# AVAILABLE DATA:
*** Block opens ***
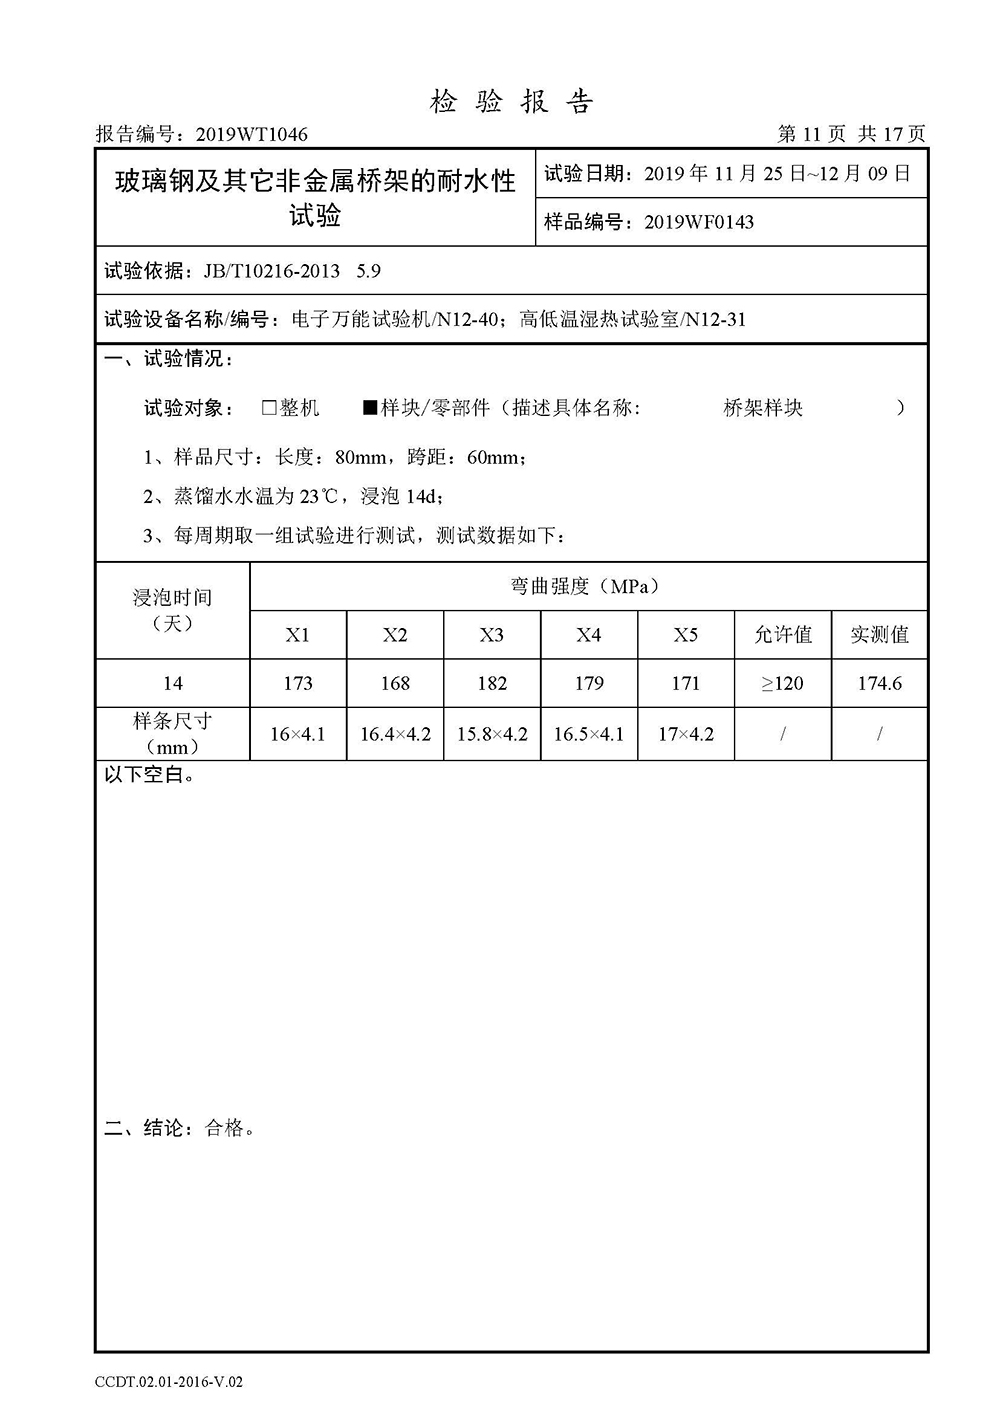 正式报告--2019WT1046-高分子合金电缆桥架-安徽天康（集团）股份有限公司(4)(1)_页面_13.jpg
*** Block closes ***
*** Block opens ***
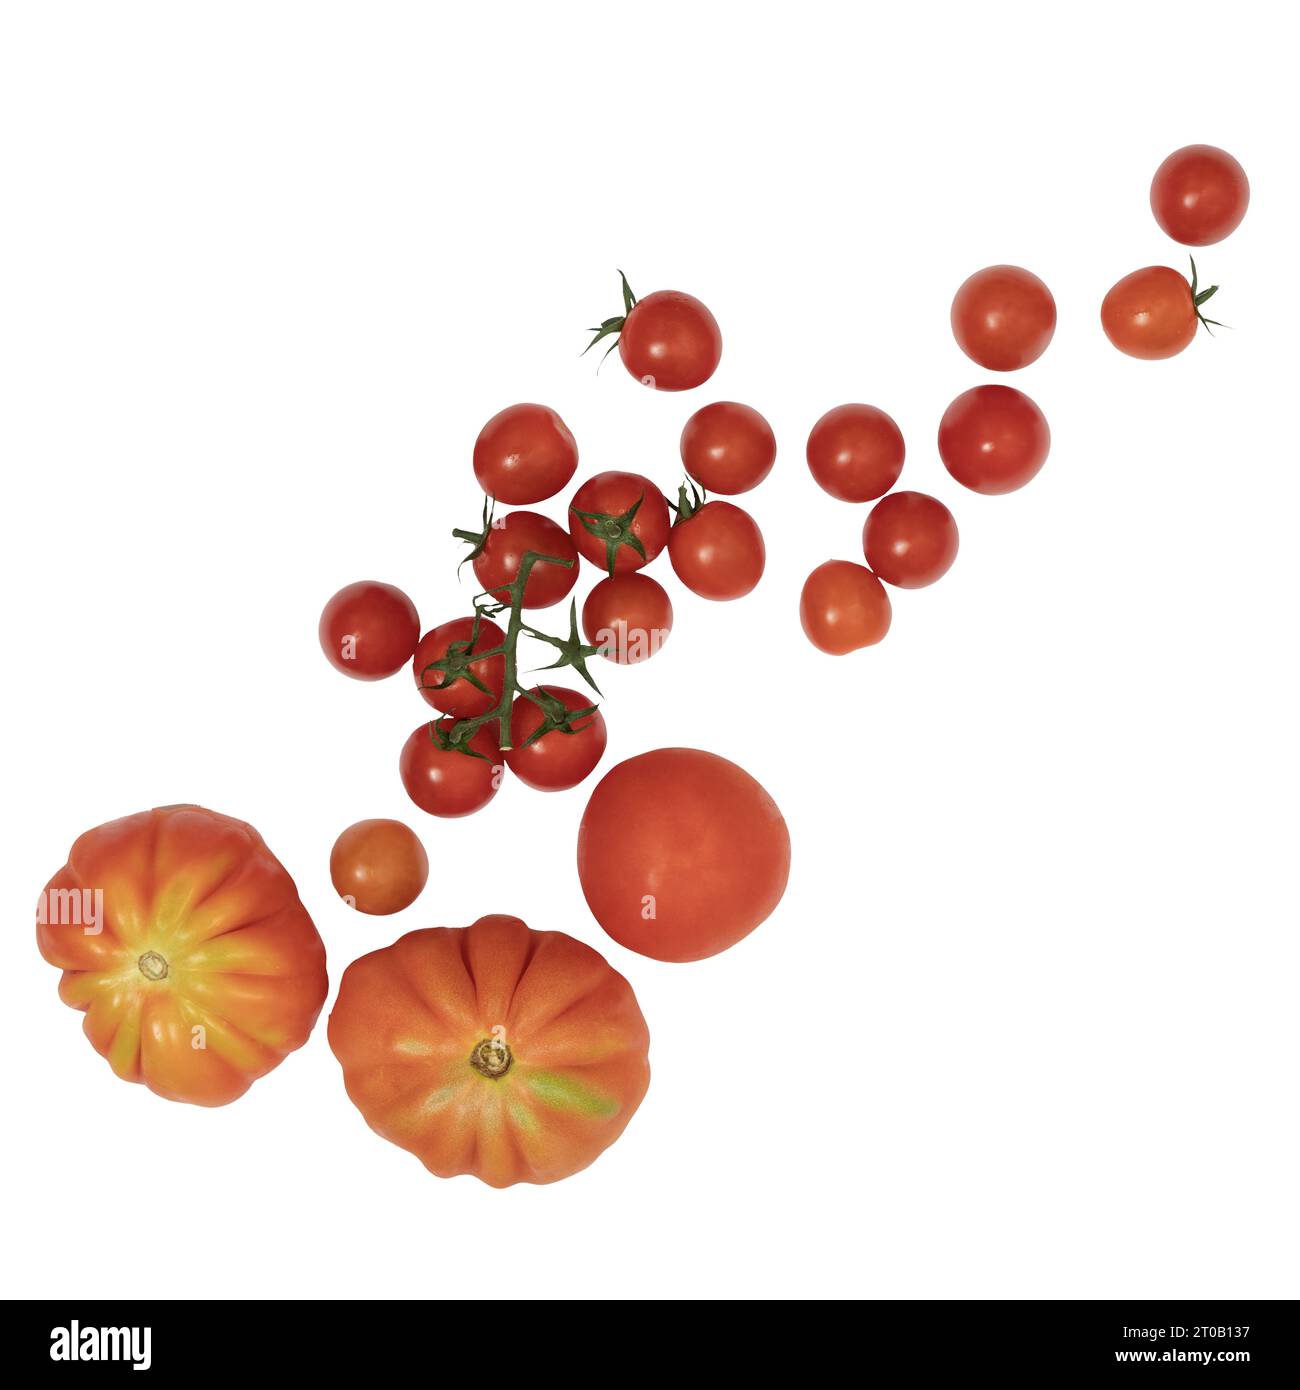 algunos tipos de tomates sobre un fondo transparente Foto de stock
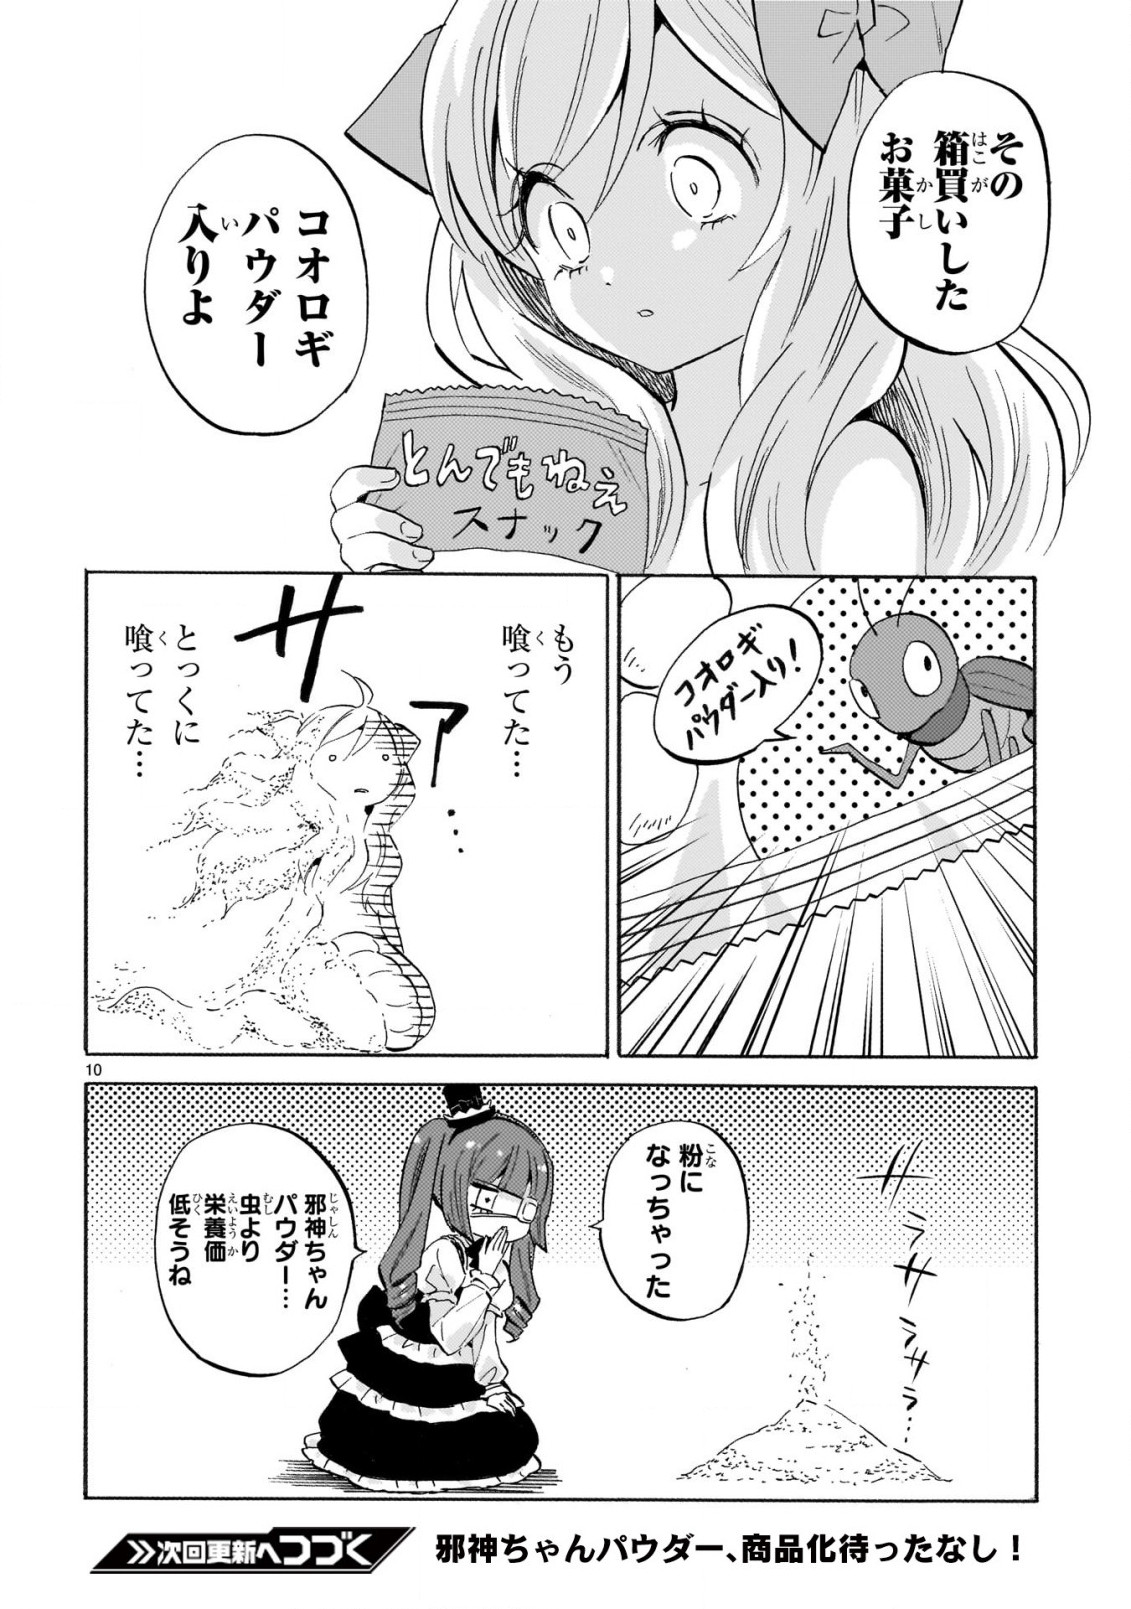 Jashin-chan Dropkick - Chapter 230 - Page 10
*** Block closes ***
*** Block opens ***
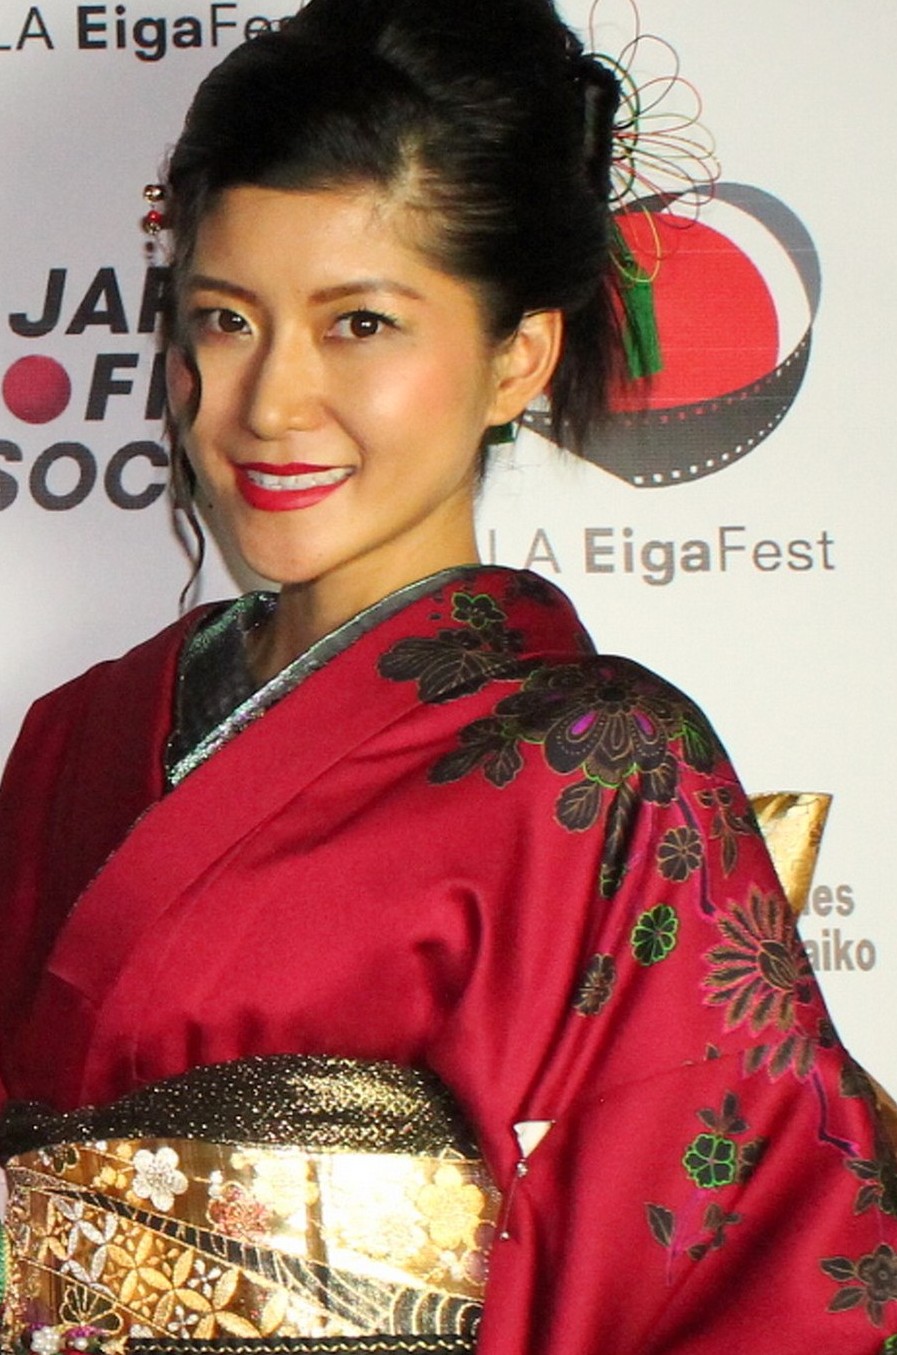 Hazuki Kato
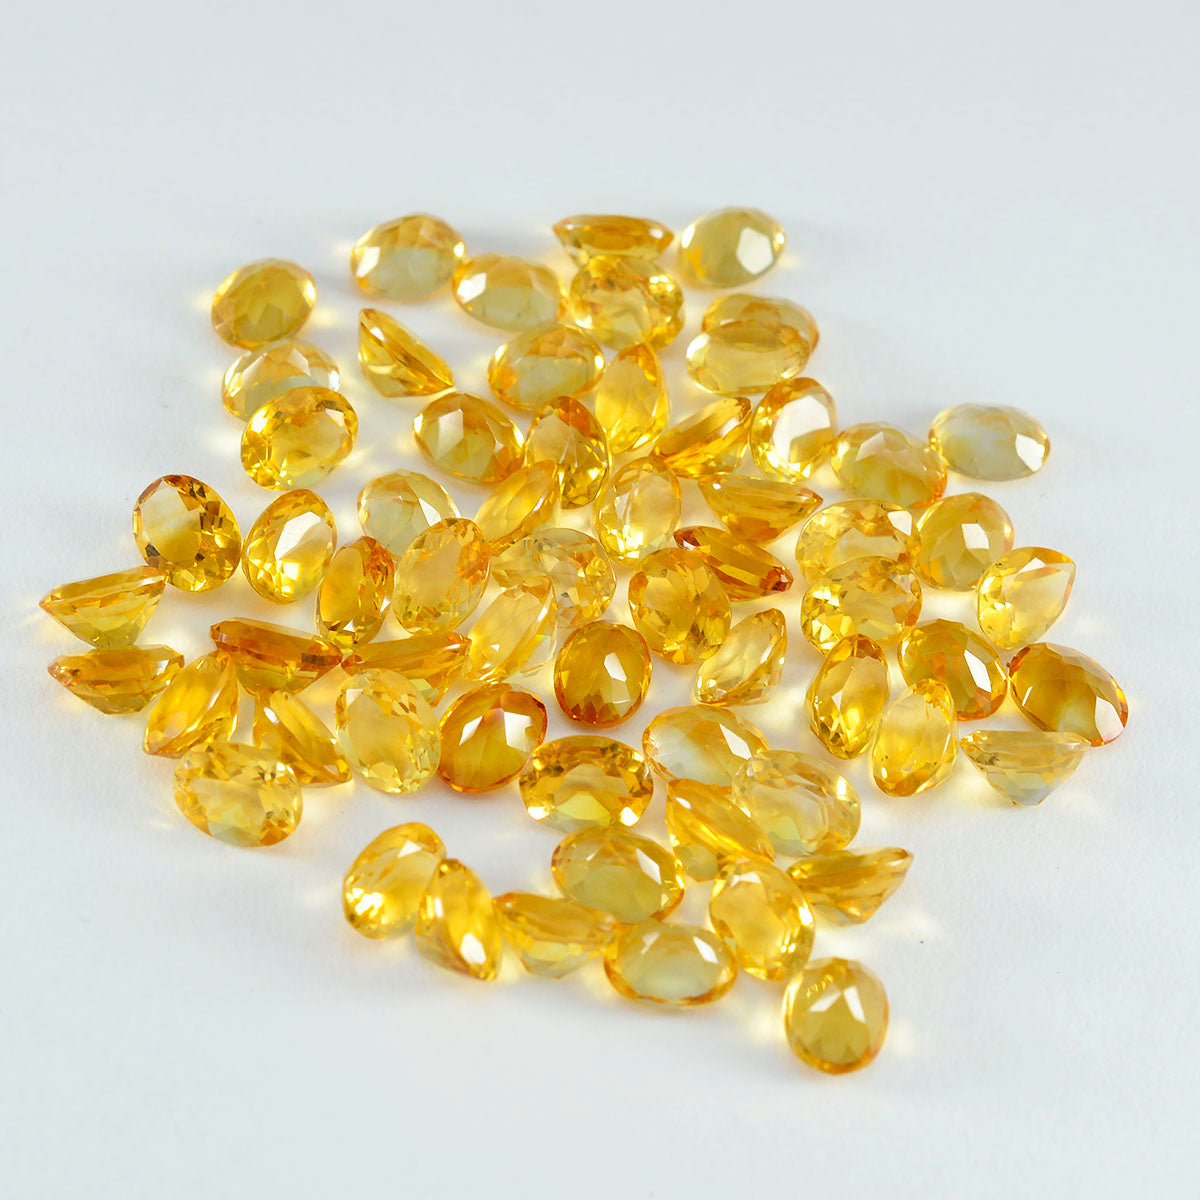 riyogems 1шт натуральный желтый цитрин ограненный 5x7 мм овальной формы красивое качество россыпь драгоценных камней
*** Block closes ***
# YOUR ASSIGNMENT:
All pictures are to be skipped. Output, word for word, the lines in the data above starting at the line containing "algunos tipos de" and ending at the line containing "Jashin-chan Dropkick - Chapter 230 - Page 10".

# WRITTEN RESPONSE:
 algunos tipos de tomates sobre un fondo transparente Foto de stock
 Jashin-chan Dropkick - Chapter 230 - Page 10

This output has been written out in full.